You assign to a pointer the address of such a string literal, then you try to change the contents of the string literal by dereferencing the pointer value. That's a big NO-NO.
Declare str as an array instead:
char str[] = "Shiv";
This creates str as an array of 5 characters and copies the characters 'S', 'h', 'i', 'v' and '\0' to str[0], str[1], ..., str[4]. The values in each element of str are modifiable.
When I want to use a pointer to a string literal, I usually declare it const. That way, the compiler can help me by issuing a message when my code wants to change the contents of a string literal
const char *str = "Shiv";
Imagine you could do the same with integers.
/* Just having fun, this is not C! */
int *ptr = &5; /* address of 5 */
*ptr = 42; /* change 5 to 42 */
printf("5 + 1 is %d\n", *(&5) + 1); /* 6? or 43? :) */
Quote from the Standard:
6.4.5 String literals
...
6 ... If the program attempts to modify such an array [a string literal], the behavior is undefined.
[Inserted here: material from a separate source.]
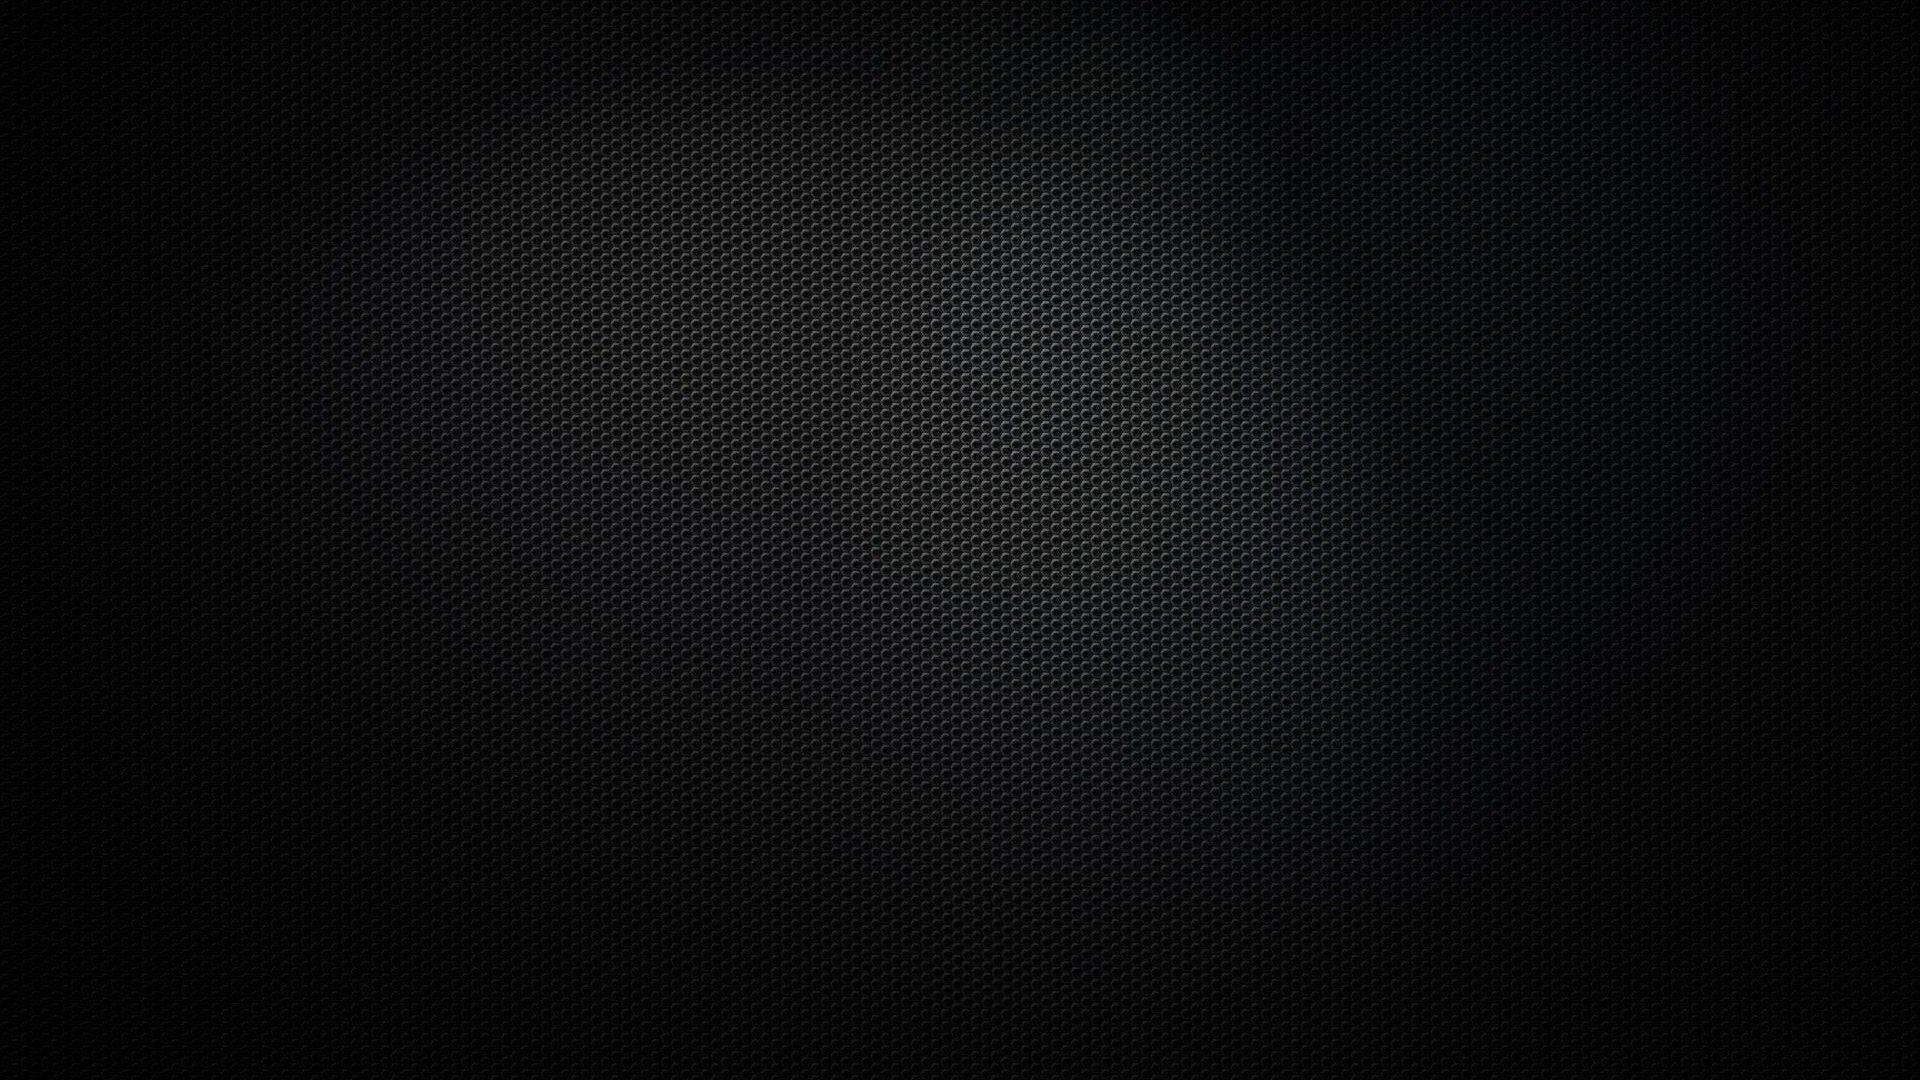 Black Hd Desktop Wallpapers Top Free Black Hd Desktop
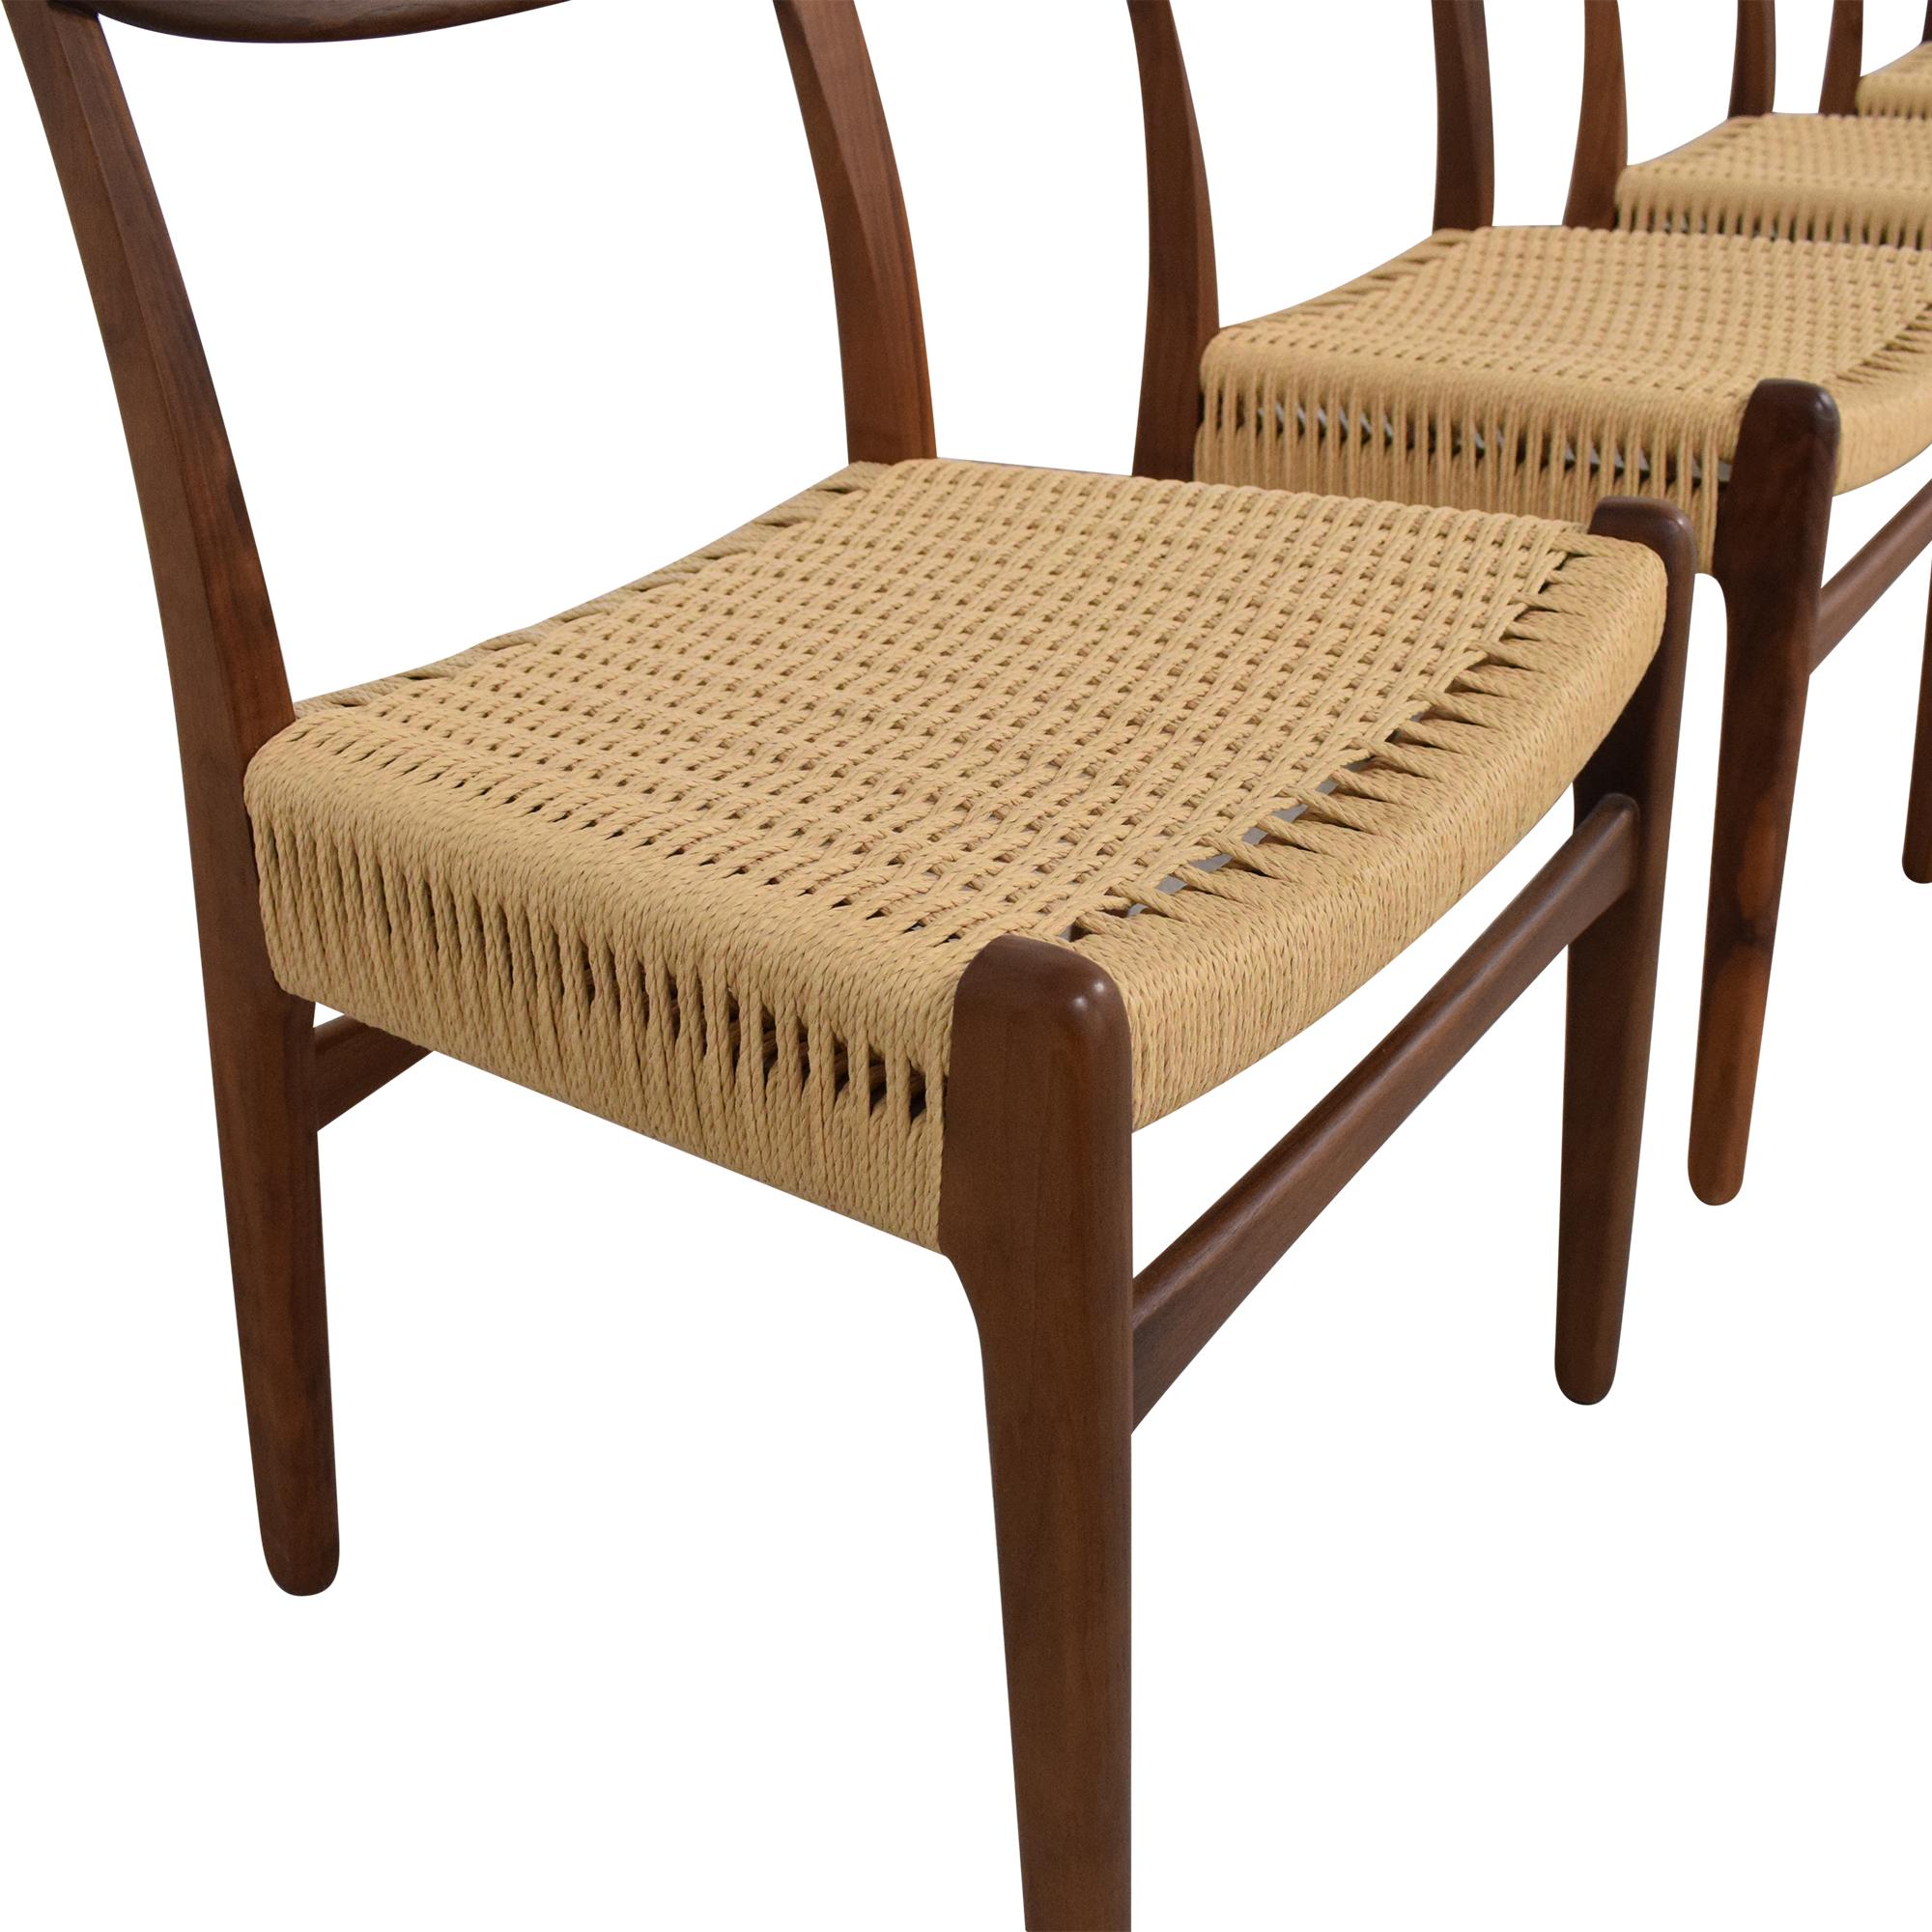 Sit Down New York Hans Wegner-Style Mid Century Dining Chairs price

char *str is a pointer / reference to a block of characters (the string). But its sitting somewhere in a block of memory so you cannot just assign it like that.
Interesting that I've never noticed this. I was able to replicate this condition in VS2008 C++.
Typically, it is a bad idea to do in-place modification of constants.
In any case, this post explains this situation pretty clearly.
The first (char[]) is local data you can edit
(since the array is local data).
The second (char *) is a local pointer to
global, static (constant) data. You
are not allowed to modify constant
data.
If you have GNU C, you can compile
with -fwritable-strings to keep the
global string from being made
constant, but this is not recommended.